Pulmonary hypertension of more than 2/3 systolic pressure as well as significant right heart failure are relative contraindications and should be excluded by echocardiography and right heart catheterization.
The pre-procedural evaluation depends on the singular devices. Analogous to TAVR, the preparation includes a cardiac computer tomography of the chest with contrast (CTA) for implant sizing and LVOTO risk evaluation. When performed transfemorally, a CTA is indicated.

Conclusion and outlook

Despite many promising device concepts, development of TMVR is remarkably slower than of TAVR. This is mainly due to the anatomical challenges, including valve anchoring and sealing as well as LVOT obstruction.
First-in-man, early feasibility studies and compassionate use experience in almost 200 patients show a reliable feasibility of TMVR using several devices. Safety concerns as evaluated at midterm follow- up must be further assessed by enlarging the clinical experience.
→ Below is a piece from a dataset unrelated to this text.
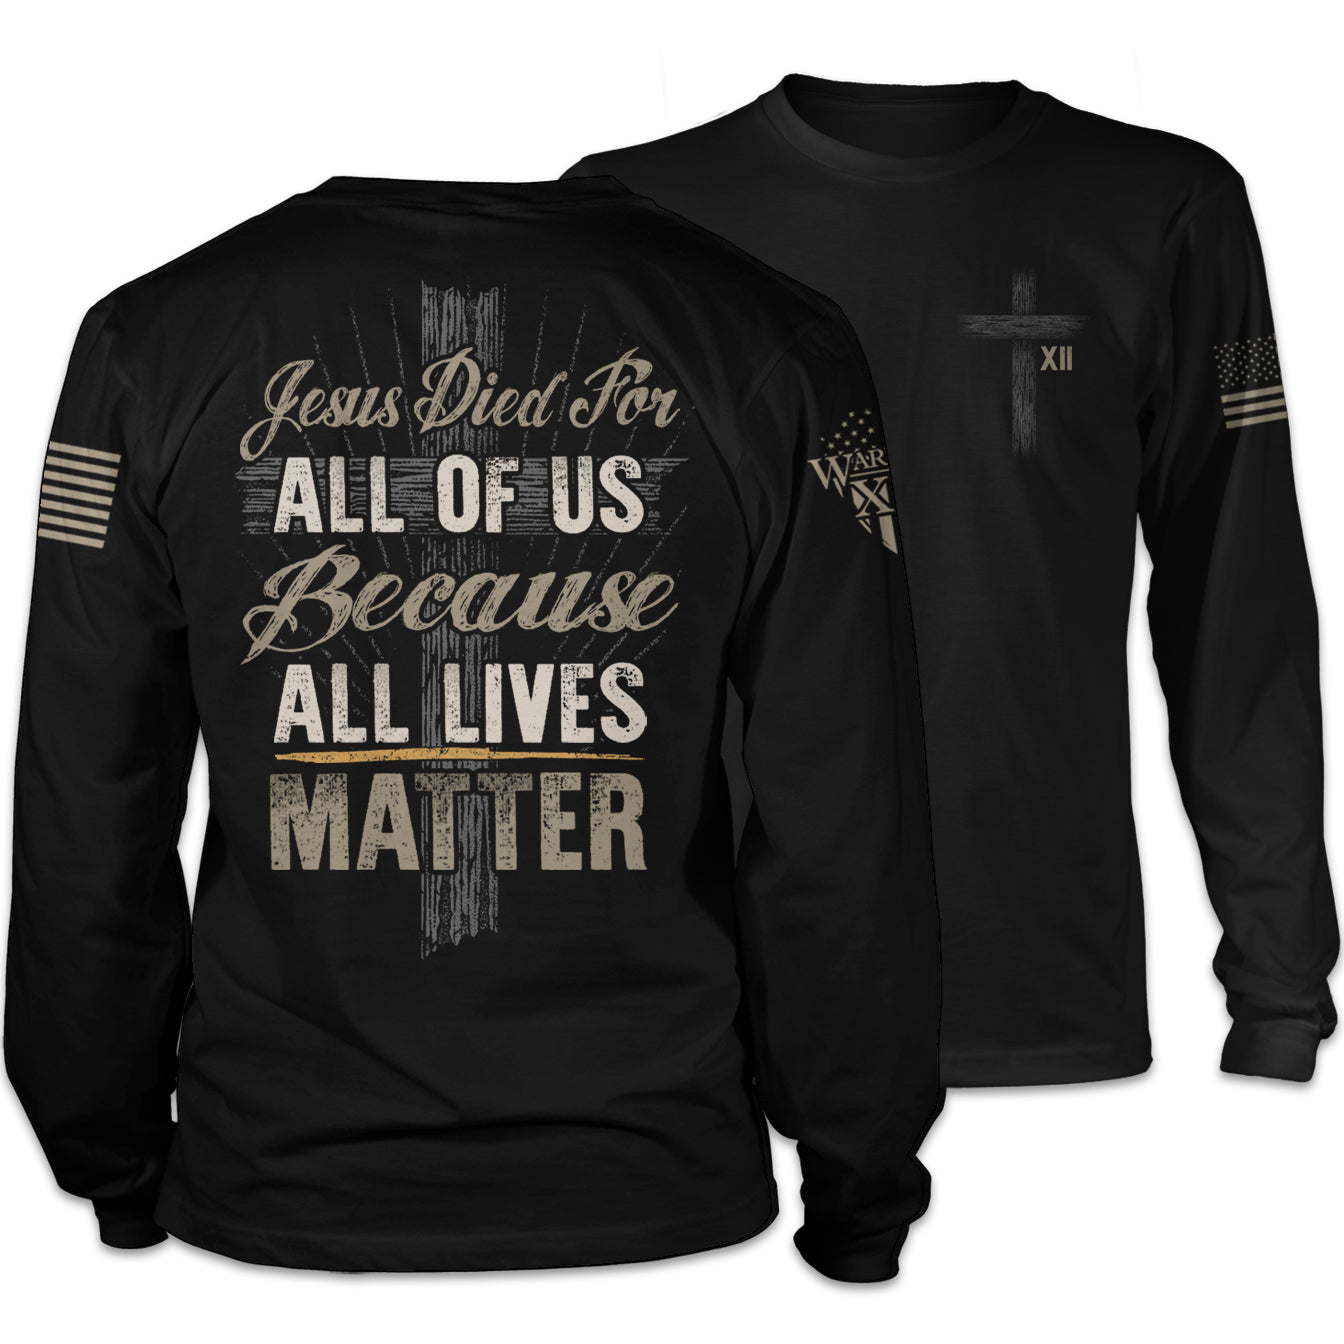 All Lives Matter - Long Sleeve

The approach remains mainly transapical but a shift to a transfemoral-transseptal approach is the focus of every development program.
Clinical outcomes include complications due to access, delivery, positioning and fixation, as well as due to impact on surrounding structures or device performance. The important role of a detailed pre-procedural planning by echocardiography and CTA is demonstrated. The peri- procedural imaging needs to be of high quality for successful TMVR. The periand post-procedural haemodynamic management will play an important role as to clinical outcomes. We are at a very early stage of the TMVR experience, and further studies are necessary to provide deeper insight into safety, efficacy and durability of these new devices.
The current indications of severe MR with high surgical risk as well as stenosis will need to be elucidated with evidence and extended by experience. This is even more relevant since DMR and severely calcified stenosis currently are excluded from most ongoing studies.
TMVR most certainly has the potential to become the standard of care for mitral stenosis and mitral regurgitation beyond repair. And at best, it may meet the expectation to be a one-for-all simple and reliable therapy for mitral valve diseases.